Issue (i): Whether CBN is legally obliged to register contracts not reflected on the portal maintained by TMO.
Analysis: The MOU and Guidelines allocate the responsibility to maintain the online system to TMO and prescribe that CBN's role is to verify registrations as per details accessible on that portal and thereafter register and upload details. The Guidelines further distinguish registration by TMO and subsequent uploading for CBN's processing. The learned Single Judge's interpretation of these contractual and procedural provisions was plausible and within appellate restraint. The evidence shows the Appellants' contracts were not reflected on the portal because TMO did not upload them after the Country Cap was exhausted; there is no material establishing CBN overlooked contracts that were reflected or acted arbitrarily in processing reflected contracts. Judicial intervention to supervise procedures internal to a foreign authority operating under its own law is not warranted in the absence of a legal duty on the domestic authority to intervene.
Conclusion: CBN cannot be held liable for non-registration of contracts that were not reflected on the TMO portal; no legal duty arose on CBN to register or to override the TMO's uploading procedure.
Issue (ii): Whether fixation of the Country Cap or the registration/uploading process breached Articles 14 and 19(1)(g) by being arbitrary or unfair.
Analysis: Allocation of a limited state-controlled commercial opportunity (import quantity) engages principles of fairness and non-arbitrariness, but policy decisions on import regulation and country caps lie within the realm of economic policy and international arrangement. Legitimate expectation requires an enforceable right or established procedure. Here, the MOU places responsibility on the TMO to ensure registrations do not exceed the Country Cap and does not impose on CBN a supervisory obligation over TMO's internal uploading. No material established mala fides, manifest arbitrariness, or discriminatory countersigning by CBN; grievances about TMO's uploading procedure concern a foreign authority and do not supply a ground for writ relief against CBN.
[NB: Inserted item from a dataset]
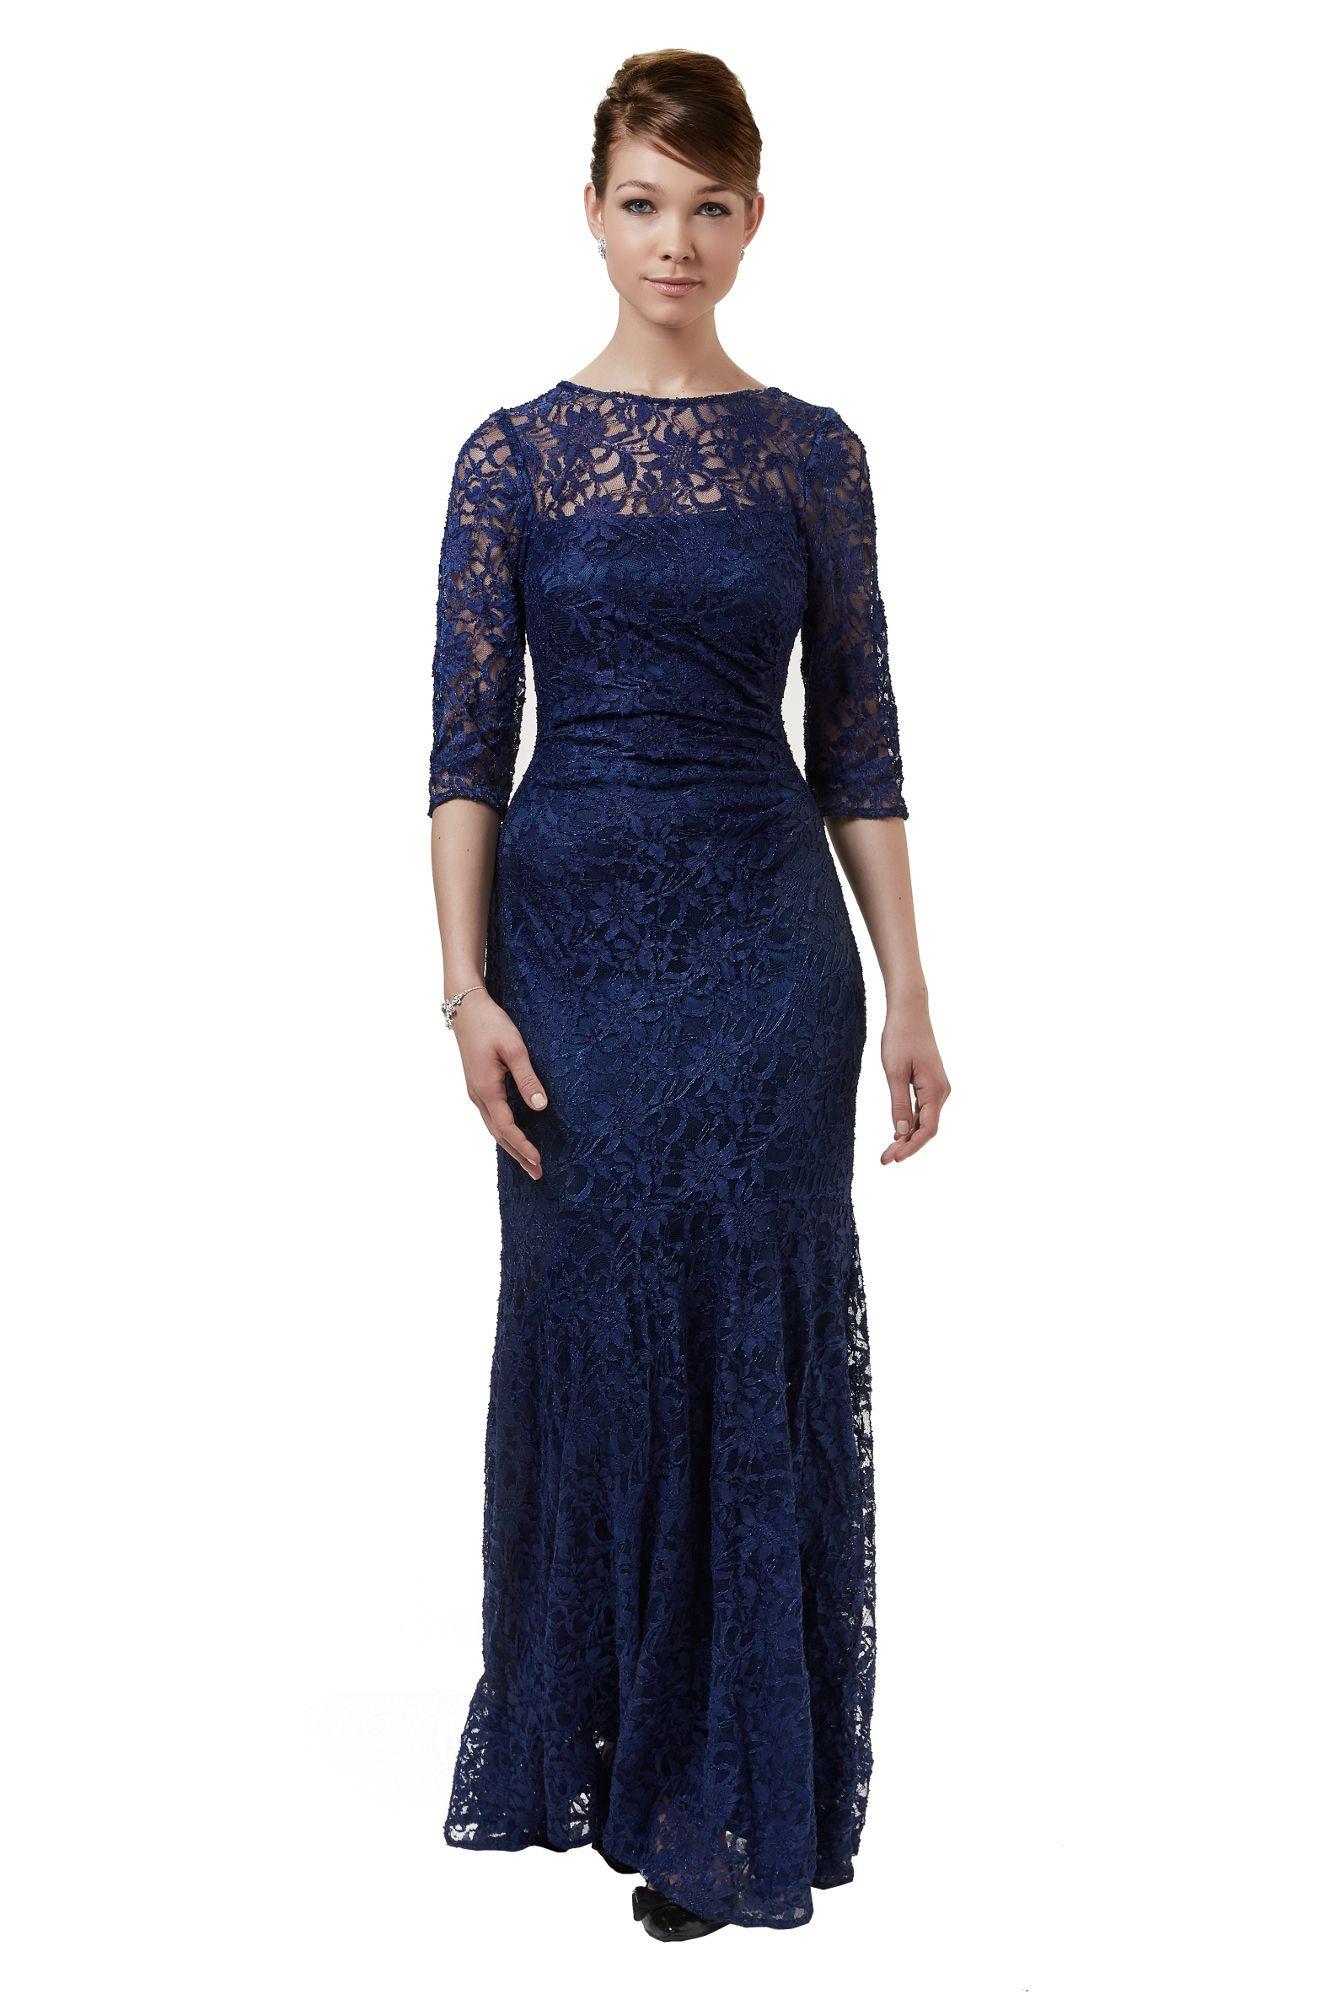 20 Schön Langes Abendkleid Dunkelblau DesignFormal Luxurius Langes Abendkleid Dunkelblau Ärmel

Conclusion: The fixation of the Country Cap at the notified level and the non-uploading by TMO do not constitute a breach of Articles 14 or 19(1)(g) by CBN and do not attract judicial interference.
Final Conclusion: The appellate court finds the Single Judge's view plausible and declines to substitute its own assessment; the impugned judgment is upheld and the appeals lack merit.
Ratio Decidendi: Where a bilateral MOU and implementing Guidelines assign maintenance of an online registration portal and the initial registration function to a foreign authority, the domestic authority's duty to register arises only upon verification of contracts reflected on that portal; absent reflection and absent material showing arbitrariness or mala fides by the domestic authority, courts will not impose liability or supervise the procedural choices of the foreign authority.